126 Years Ago Today: Downtown Got Its First Electric Street Lights

By Eric Richardson
Published: Tuesday, December 30, 2008, at 09:23AM

Los Angeles First Street Light -- Installed 1882 California Historical Society: TICOR/Pierce [digarc.usc.edu]

This photo from 1887 shows the city's first electric street light, lit on 12/30/1882. It stood roughly eight stories high, rising far above the surrounding buildings.

On December 30, 1882, at roughly 7:40pm, Mayor Homer Toberman threw the switch to send current to the first two arc lights installed by the Los Angeles Electric Company. The two were 1000-candle power lamps installed on top of 150-foot poles at the intersections of Main and Commercial and 1st and Hill.

Current to power the lights came from a small generating plant built at the corner of Alameda and Banning, just north of the present-day intersection of 1st and Alameda. The plant could supply a meager 30 kilowatts.

By 1889 the utility had 235 customers, including private lights on the outside of stores.

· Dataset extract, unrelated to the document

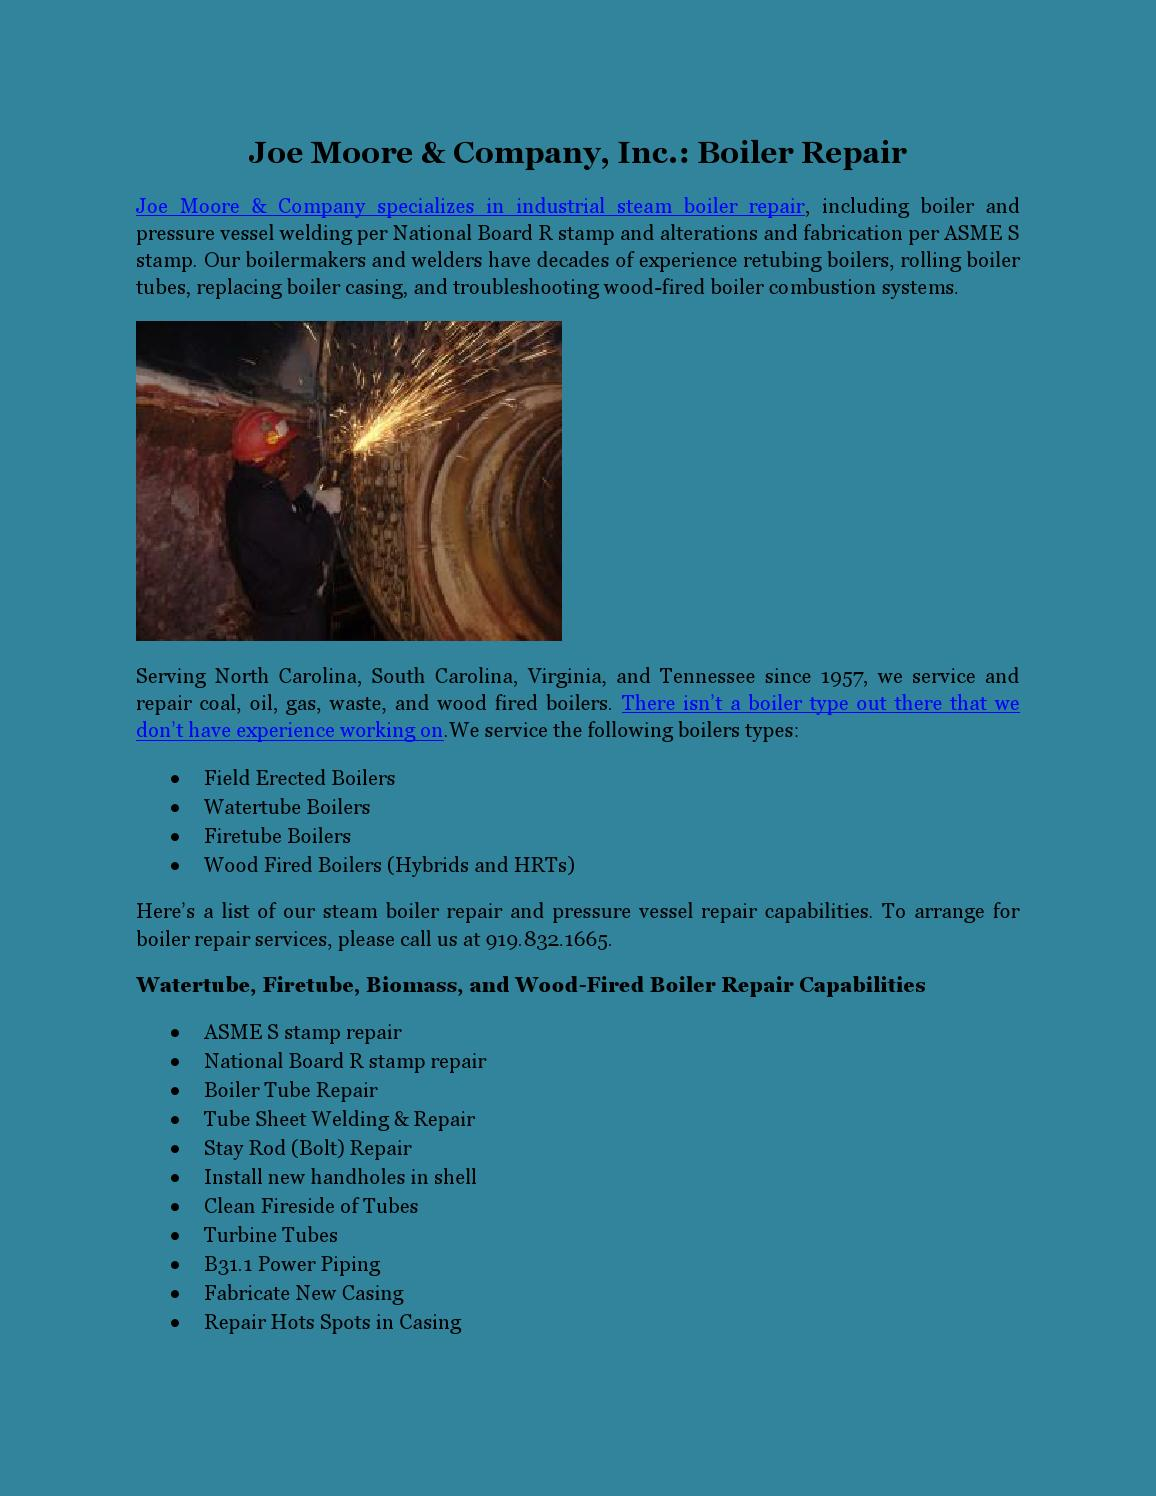 Joe Moore & Company Inc.: Boiler Repair by Dawn Hertz - issuu

In 1890 it opened its first alternating-current plant, and a Times writeup saying that it "will run fifteen hundred lights of sixteen-candle power, and can be run for seven miles."

A Times piece titled "The City in Detail" from December 3, 1891, raved about the city's new electrical system.

Los Angeles was the first city in the United States to entirely abandon gas for street lighting and replace it by electricity, which was done January 1, 1883. It is today one of the best lighted cities in the Union. The high masts on which the lamps are hung throw a useful light a mile distant, and are visible far out at sea. The city is now lighted with 242 electric lamps, aggregating 633,000 candle power. Of these 113 are on thirty-four masts 150 feet high, the balance on poles twelve to fifty feet high, or suspended at street intersections, etc. The length of circuit is eighty-five miles. The price paid by the city is $12 per 2000 candle power per month. The Los Angeles Electric Company, which has also an incandescent system, largely patronized, finds its present quarters too cramped and is about to build a large new power-house near the Arcade depot.

The Los Angeles Electric Company later became the Los Angeles Gas & Electric Corporation, holding that name into the 1930s.

In late 1936, a proposal was made for the city to purchase the electric properties of the Los Angeles Gas & Electric Corporation for $46,340,000. The city had contracted to purchase power from the Hoover Dam, but at the time had no distribution infrastructure to deliver that power to consumers. The matter was taken to the voters on December 8, 1936, and passed easily. It was ratified by the state on January 7, 1937.

The City department now known as DWP has been the provider for power in Los Angeles ever since.